Monday, November 26, 2007

Envy and Suspense

Okay, that last post was sort of a cheat. This was something I thought about in reading Ann Packer's "The Dive From Clausen's Pier" (very good so far). I'm not sure how it will relate to writing, but I have confidence that somehow it will.

One of the characters in her book lives with very few possessions. The main character (at first) envies him his uncomplicated life. This is a pretty common emotion, commamdments notwithstanding (or maybe there is a commandment because it's a common emotion). We envy the person happy with their job and say, "I want to work there!" We envy people who are content in their situations because we imagine that the situation and not the person is responsible for that contentment. And we imagine that because we want to believe that our situation, and not ourselves, is to blame for any unhappiness we feel.

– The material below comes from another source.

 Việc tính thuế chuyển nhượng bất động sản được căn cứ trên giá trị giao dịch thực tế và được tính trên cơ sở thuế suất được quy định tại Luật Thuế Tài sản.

What we really envy, though, is the contentment other people feel, not the specific situation they're in. If the guy with no possessions was filthy and miserable, we'd say, "man, I'm glad I have my car and my library of books and my collection of Hummel figurines."

Packer actually uses this in the book. Further along, the heroine starts to examine her possessions more critically and then to criticize the person living without. "Would it be so much trouble for him to hang one painting, something he liked?" (paraphrased). So she took something common (envy) and probed it, exploring the real foundations of it, and turned it around. Without the heroine actually saying, "I realized that I envied his contentment and not his sparse life, so I decided to become content with my life," she eases us into that realization.

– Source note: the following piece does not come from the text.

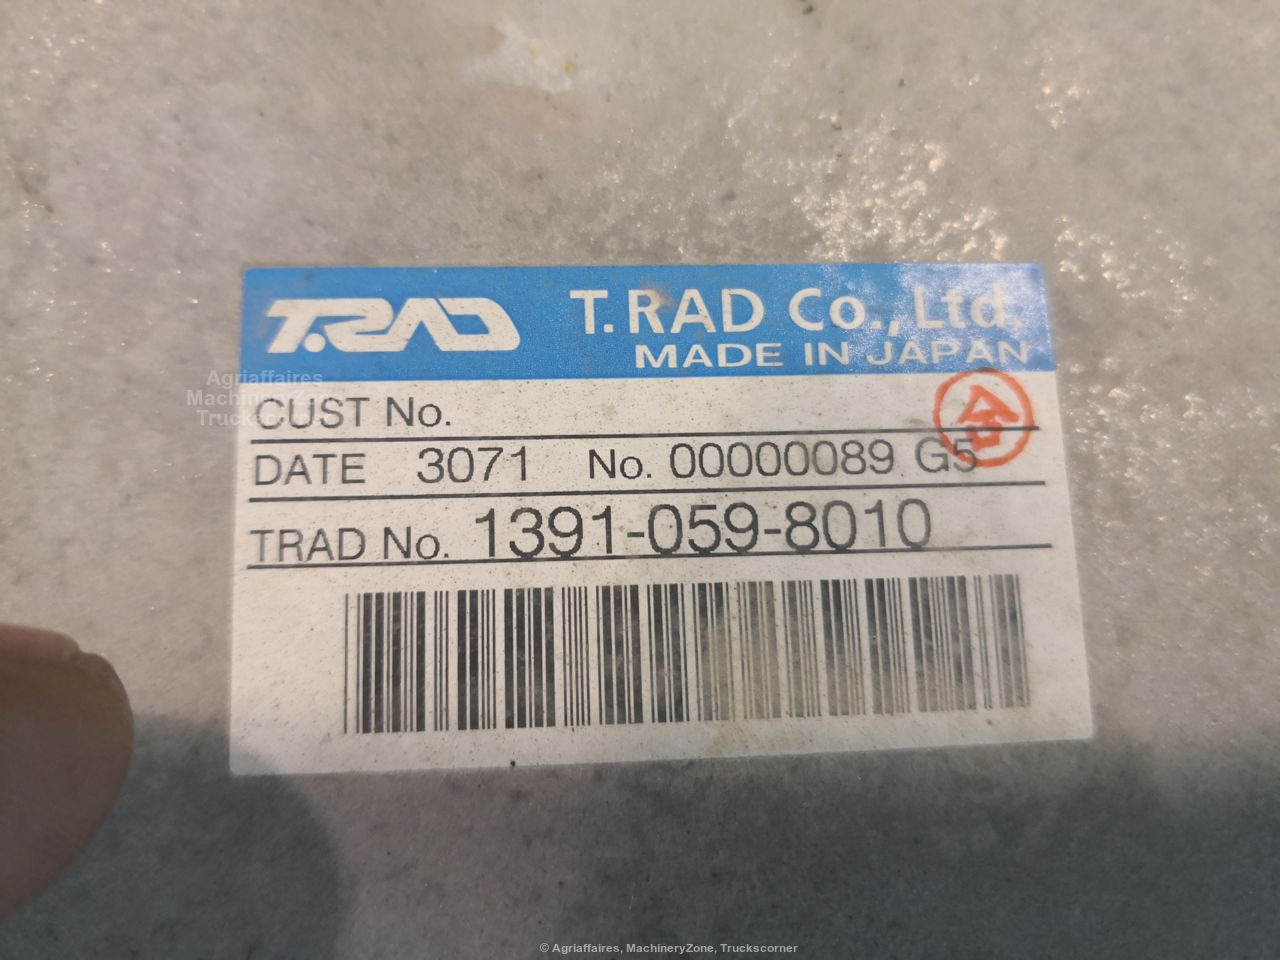 RADIATORE CASE  CX245D 13910598010 - Radiator for Excavator: picture 4

See, I knew I'd be able to bring that back around to writing somehow.

She also does a good job with suspense, often peppering the book with little teasers like, "it was only a week later that I saw his bedroom. [...] But first, we walked." She lets you know what's coming, just enough that you wonder, "how do they get to that point?" It keeps the book exciting. I am actually anxious to keep reading and find out what happens. But more about that in the review, when I finish.